▶ _What the task requires_
Images in the data are to be skipped, while every line is restated exactly as written.

▶ _Data extract_
++++++++++

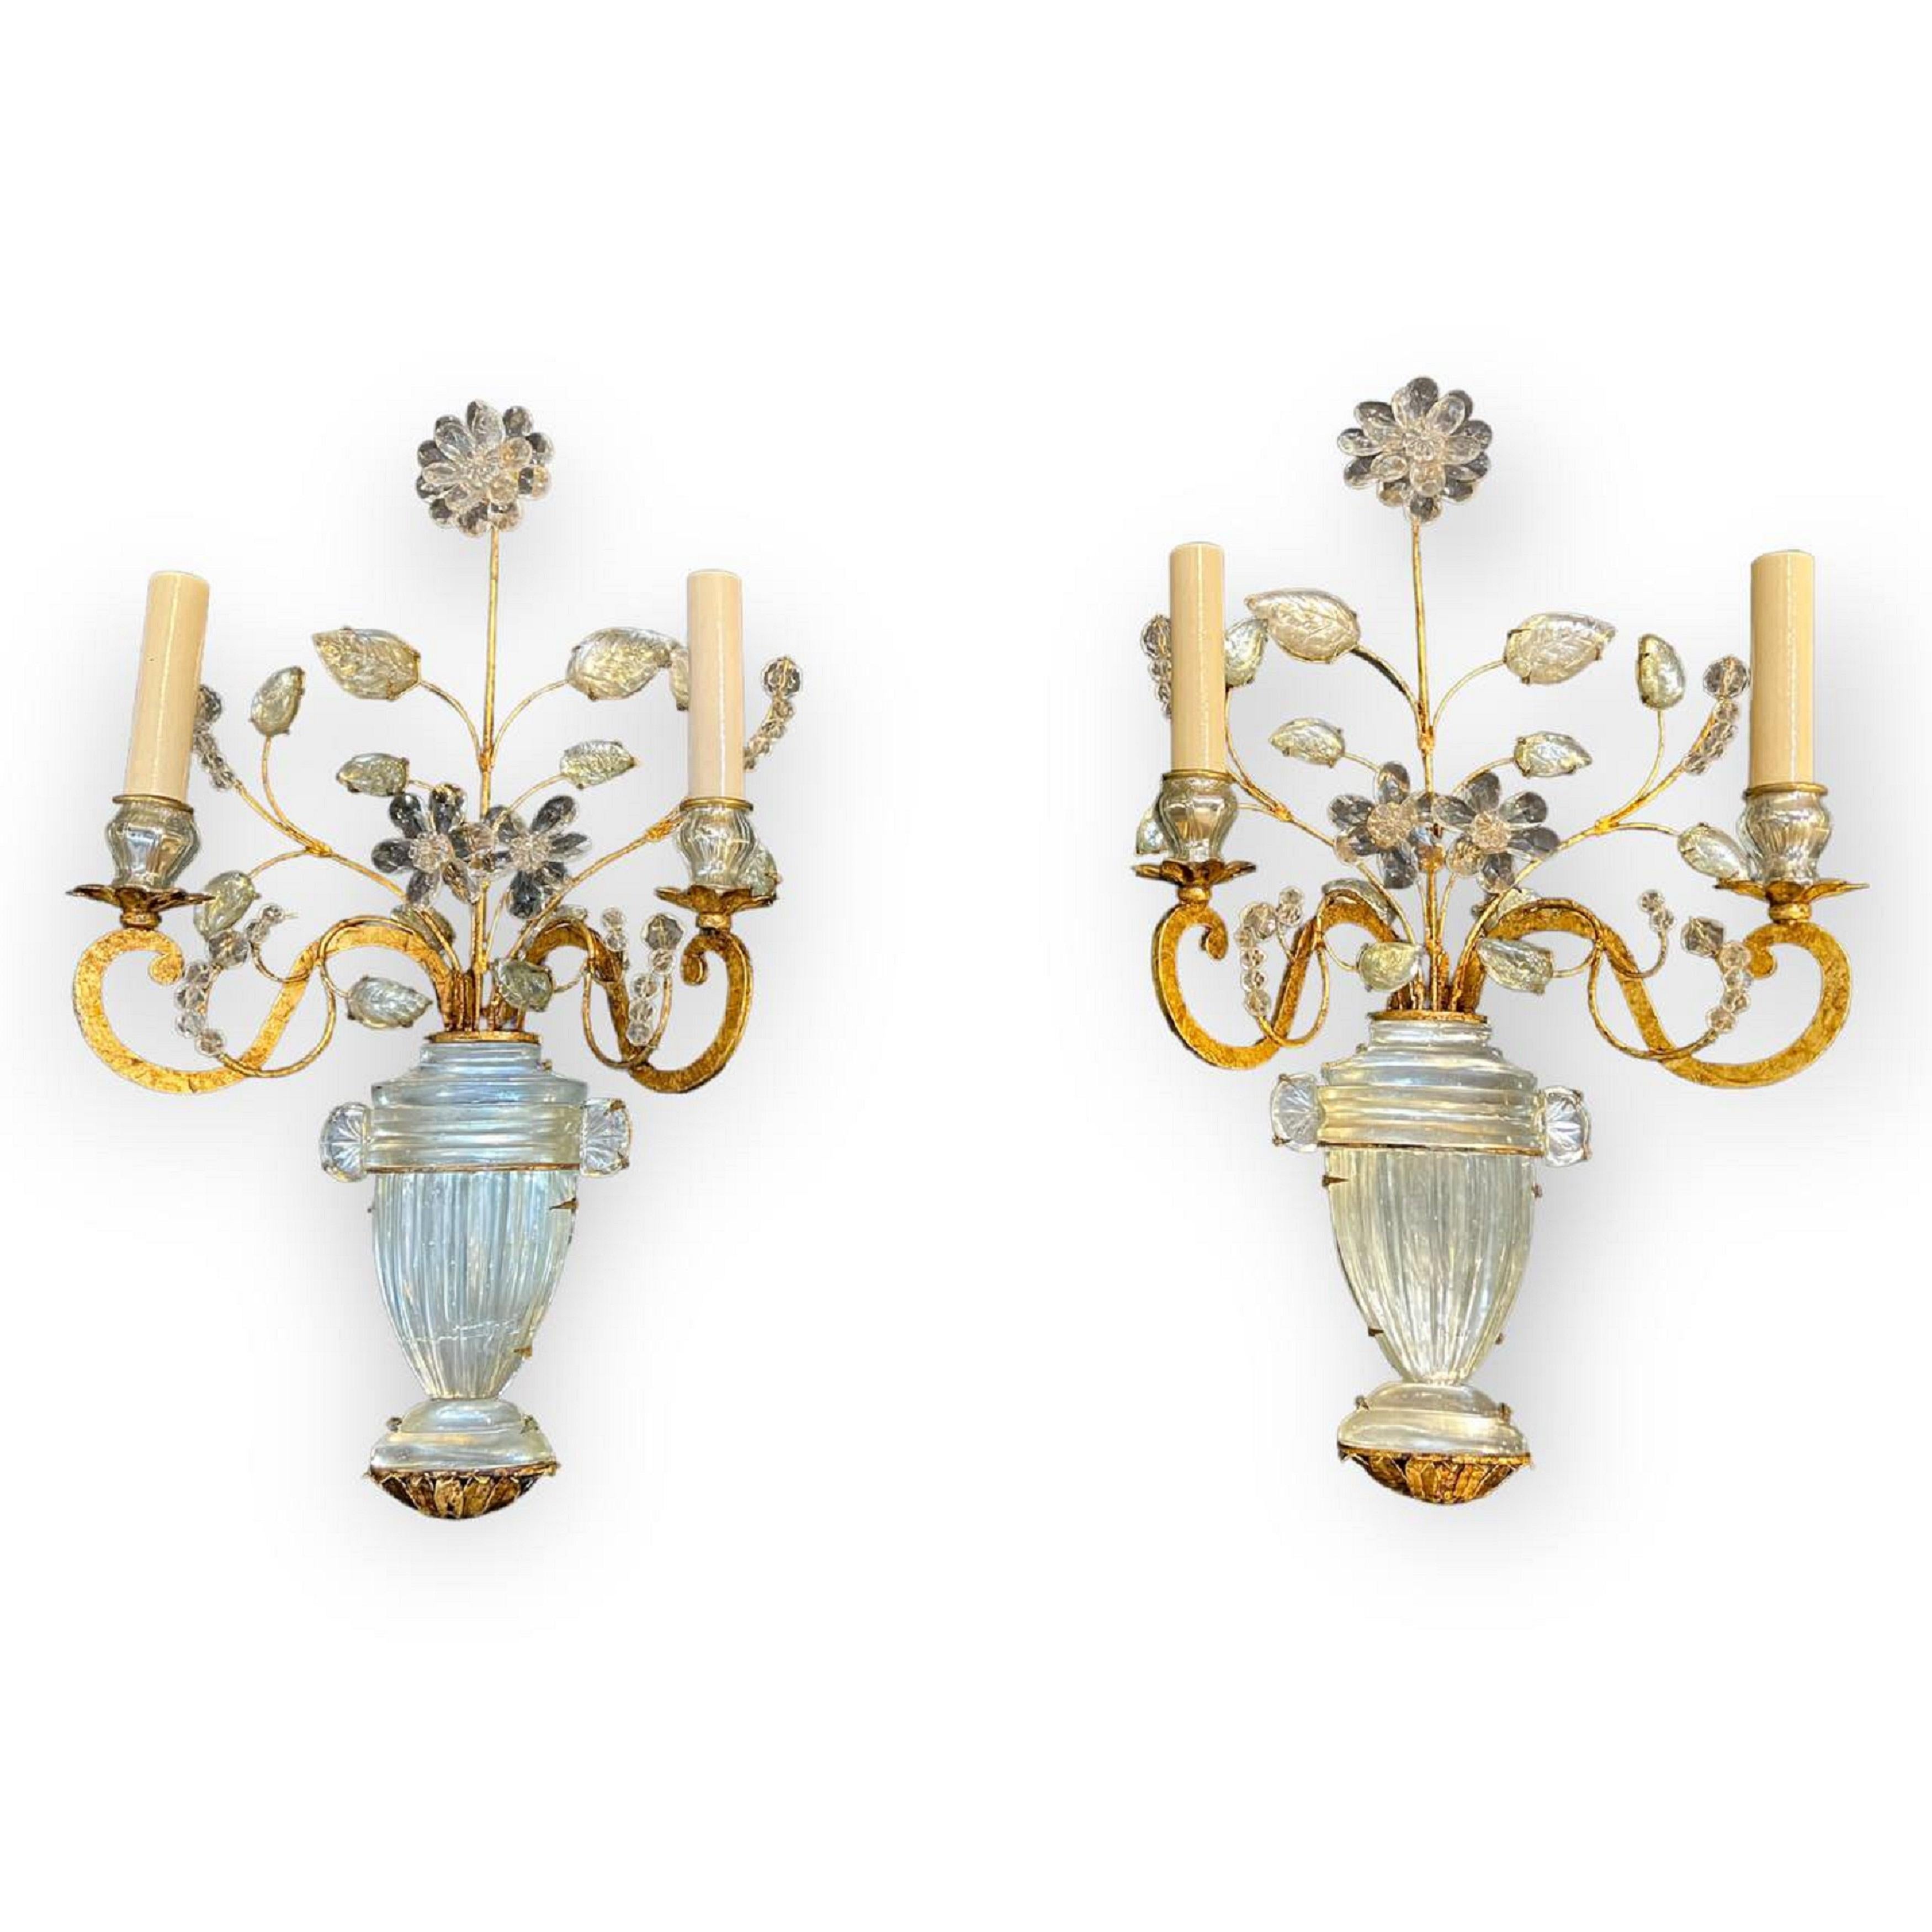 A pair of circa 1940’s French Bagues crystal sconces with two lights and vase with flowers design. 3 pairs available -price per pair. In very good vintage condition. Lamp shade not included. 

Up to 120V (US Standard)
Hardwired

Dealer: G302YP

++++++++++

▶ _Problem solution_
 A pair of circa 1940’s French Bagues crystal sconces with two lights and vase with flowers design. 3 pairs available -price per pair. In very good vintage condition. Lamp shade not included. 

Up to 120V (US Standard)
Hardwired

Dealer: G302YP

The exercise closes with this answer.